**GIVEN MATERIAL:**

*** Block opens ***

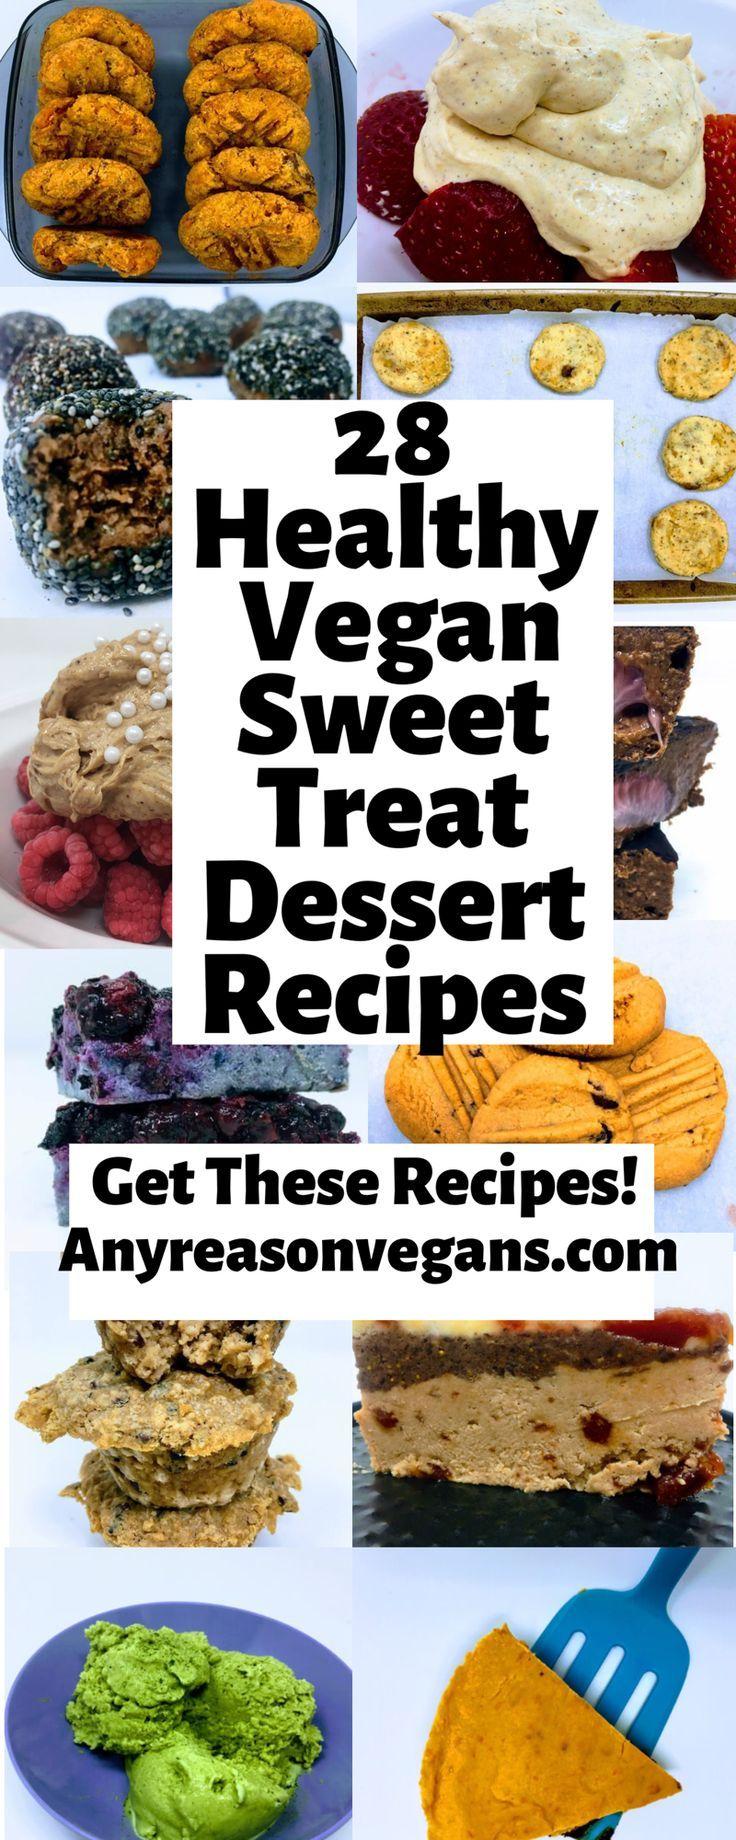 28 Healthy Vegan Dessert Recipes Healthy Low Sugar And Easy Vegan Desserts Vega Vegan Dessert Recipes Healthy Healthy Vegan Desserts Vegan Dessert Recipes
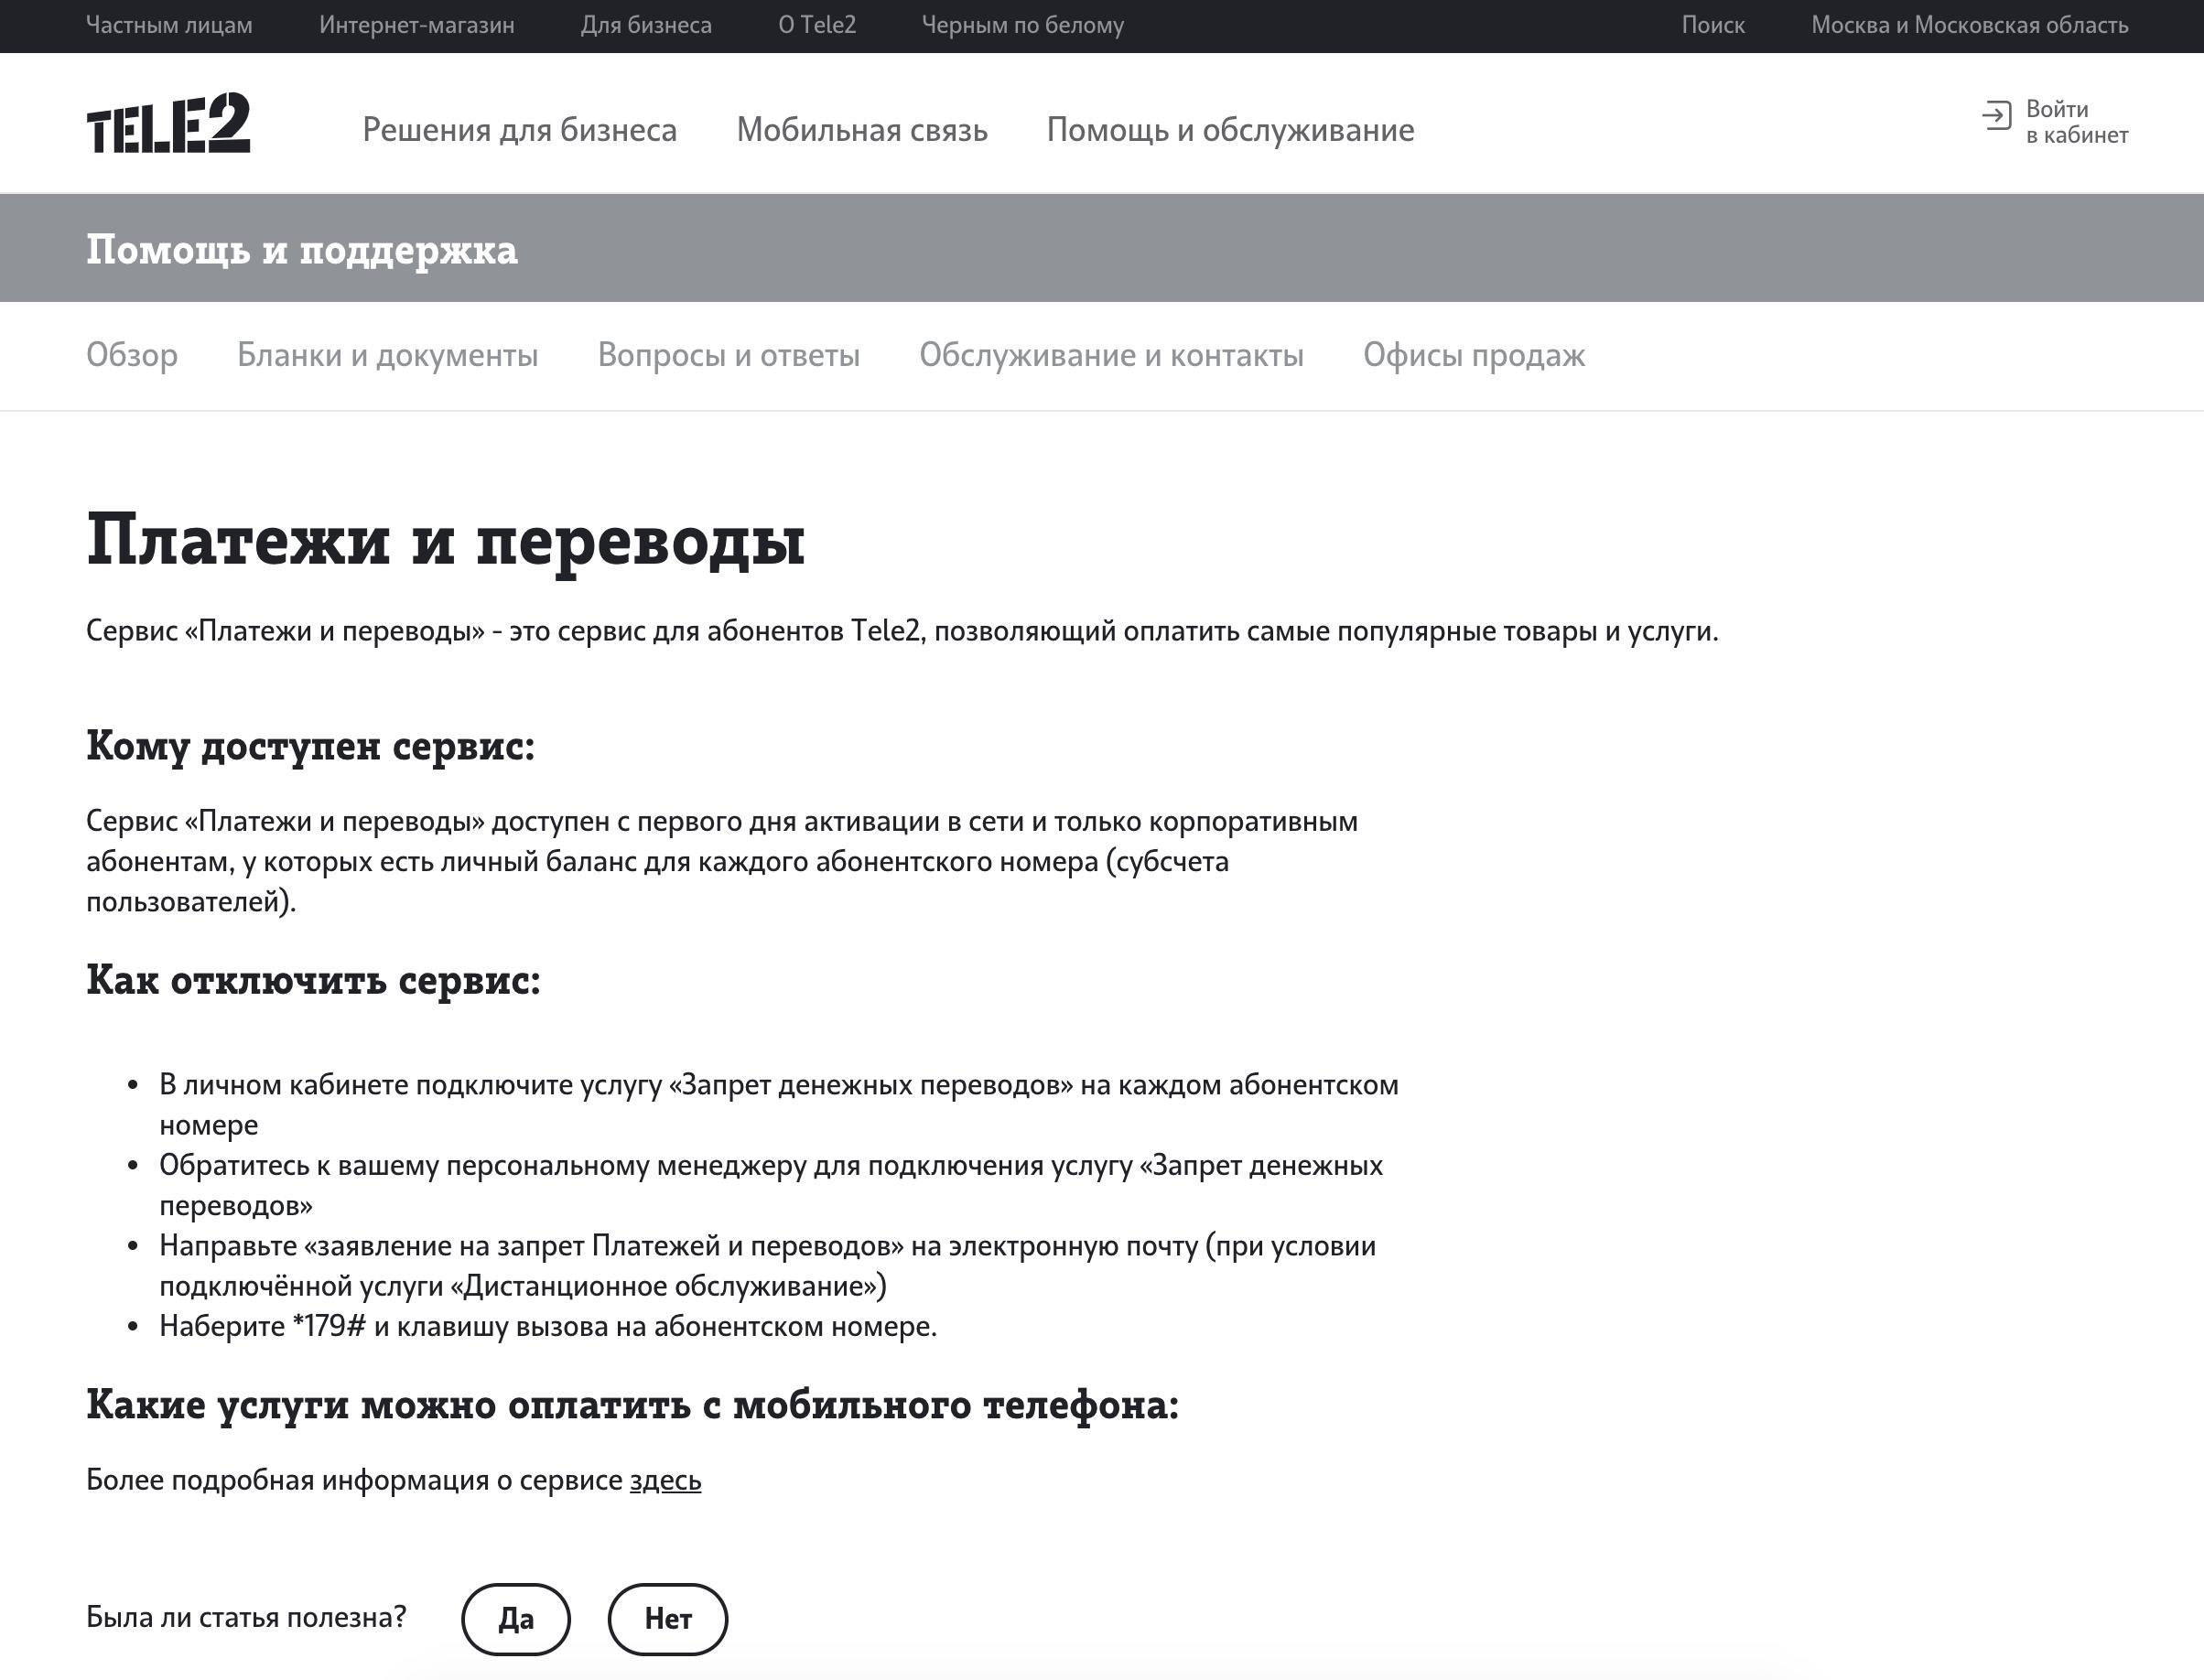 запрет денежных переводов на теле2 как отключить - сервис платежи и переводы
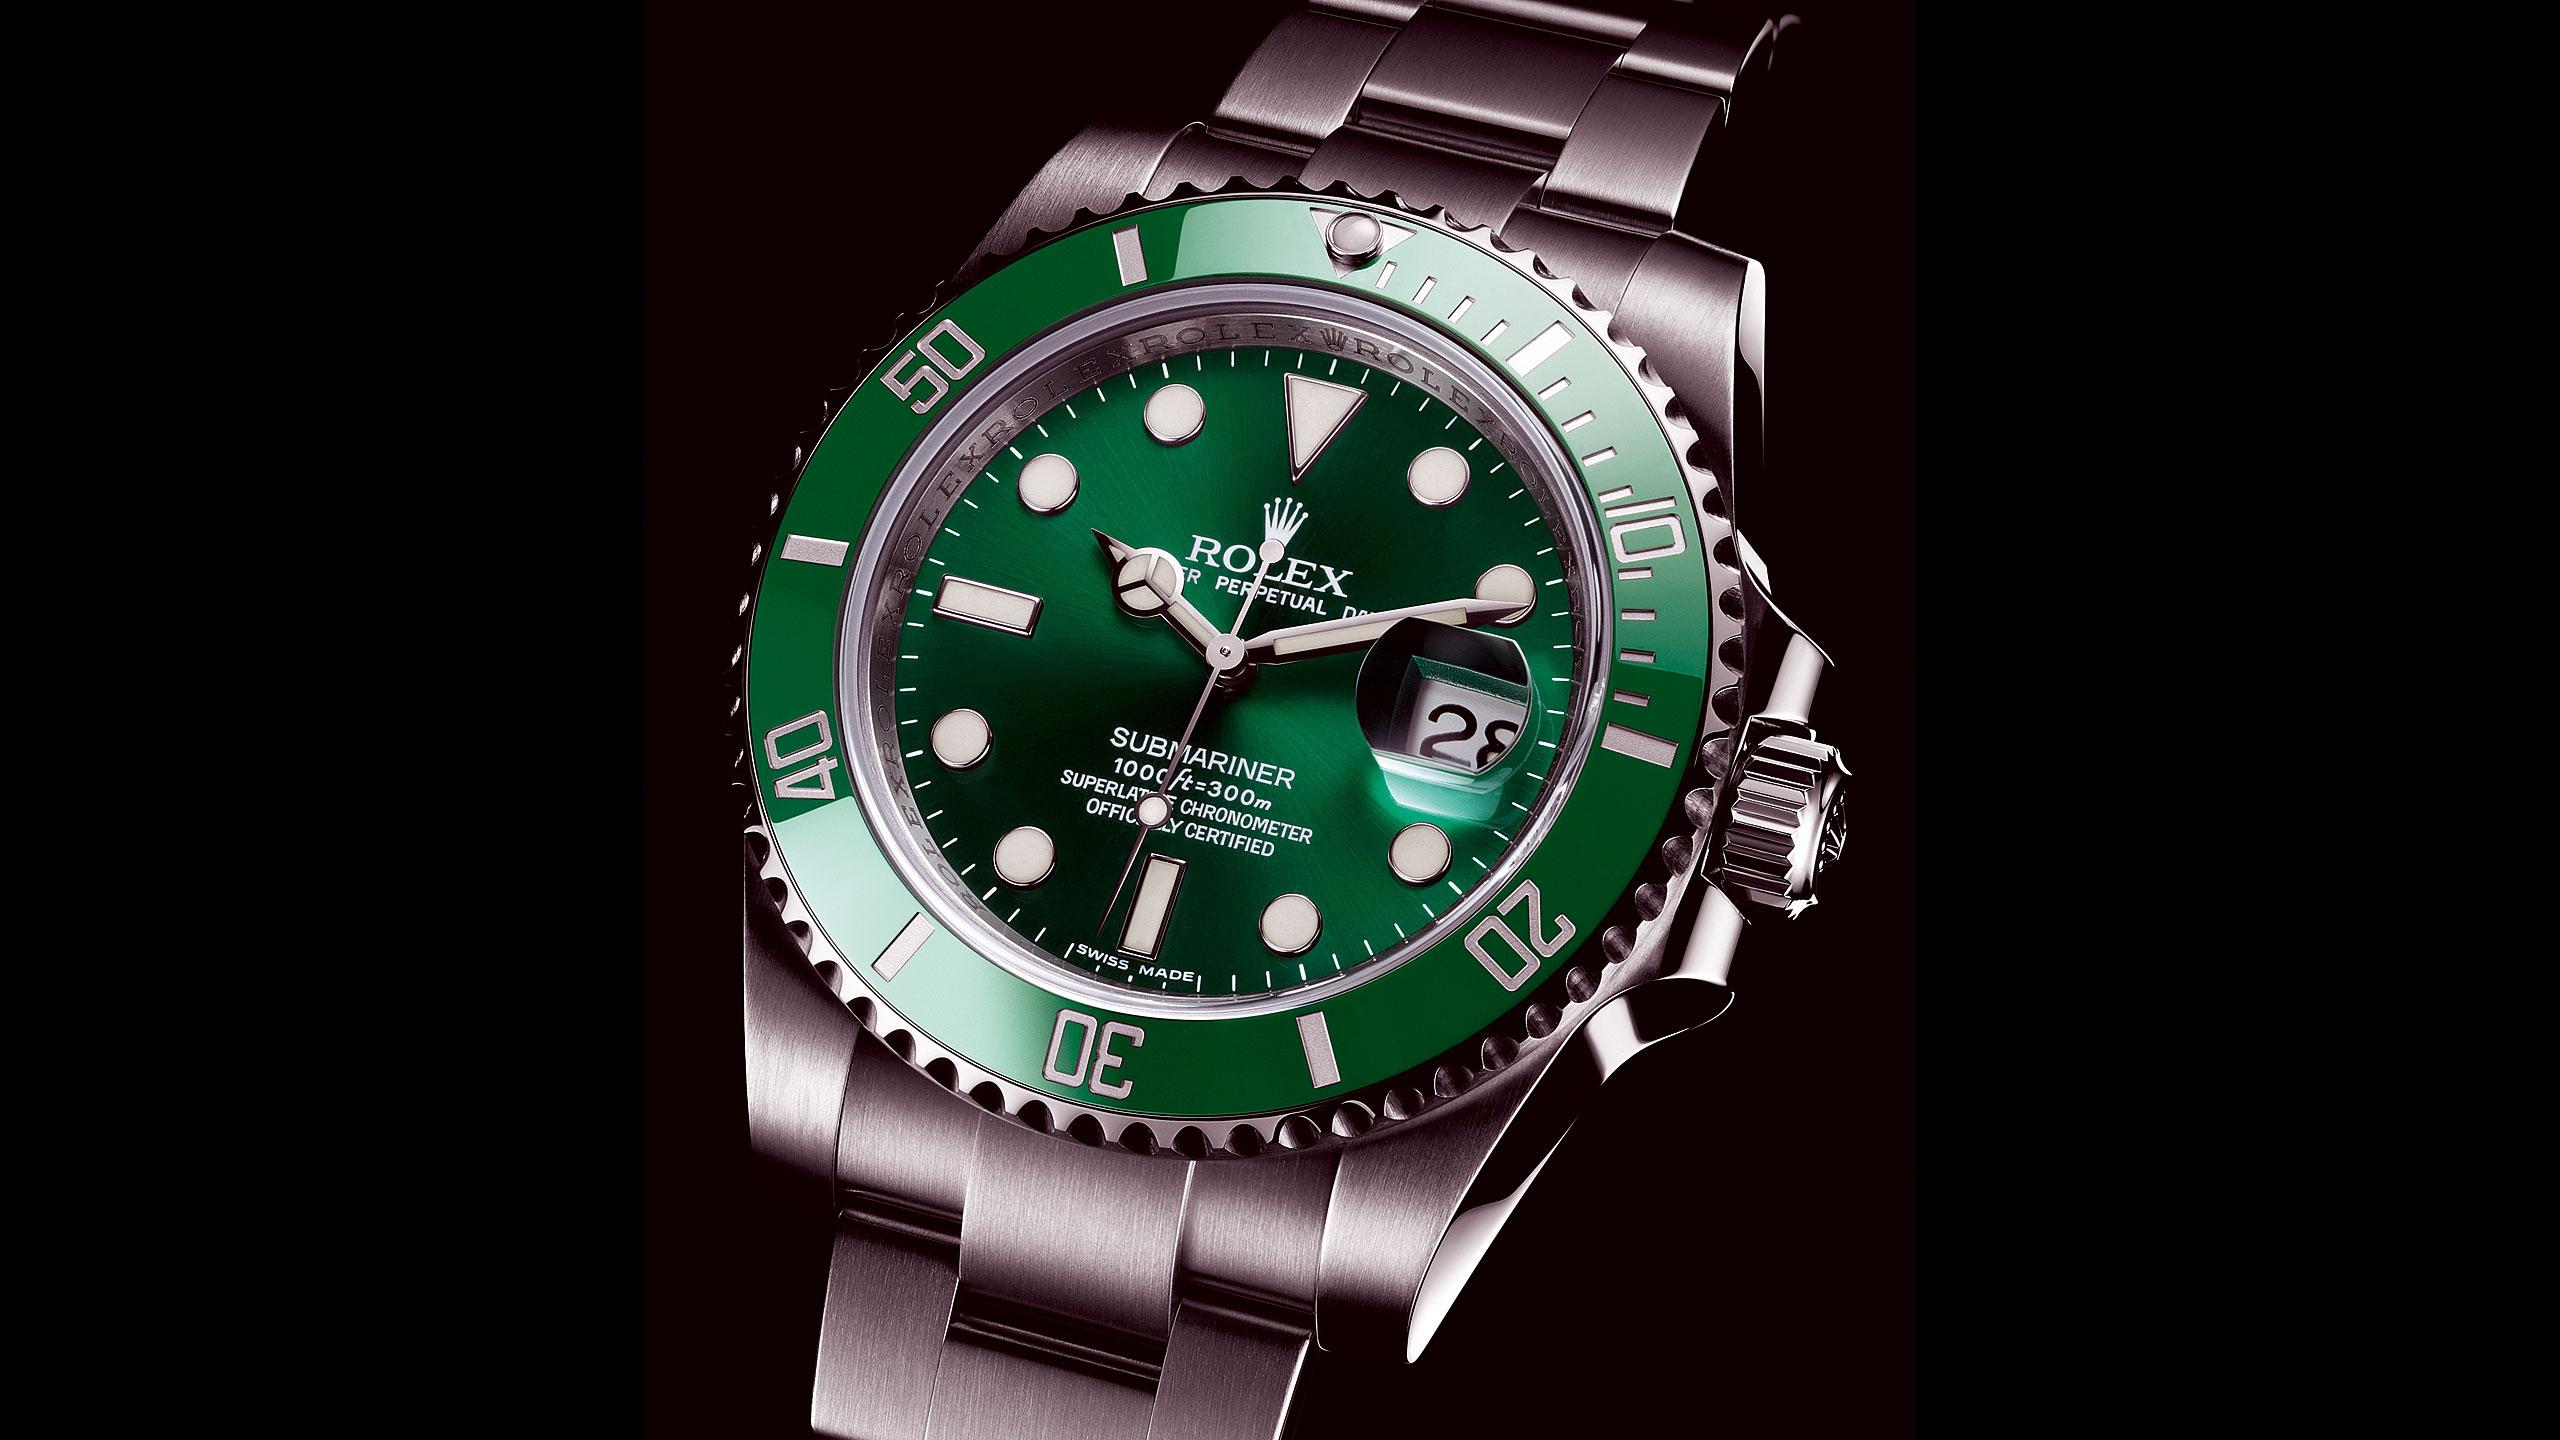 Wallpaper  Rolex, Green Submariner, Watch, Brand -8303

*** Block closes ***

Your answer must be the lines from the one containing "запрет денежных переводов" through the last line of the listing above, restated word for word, with no pictures.

 запрет денежных переводов на теле2 как отключить - сервис платежи и переводы
 Wallpaper  Rolex, Green Submariner, Watch, Brand -8303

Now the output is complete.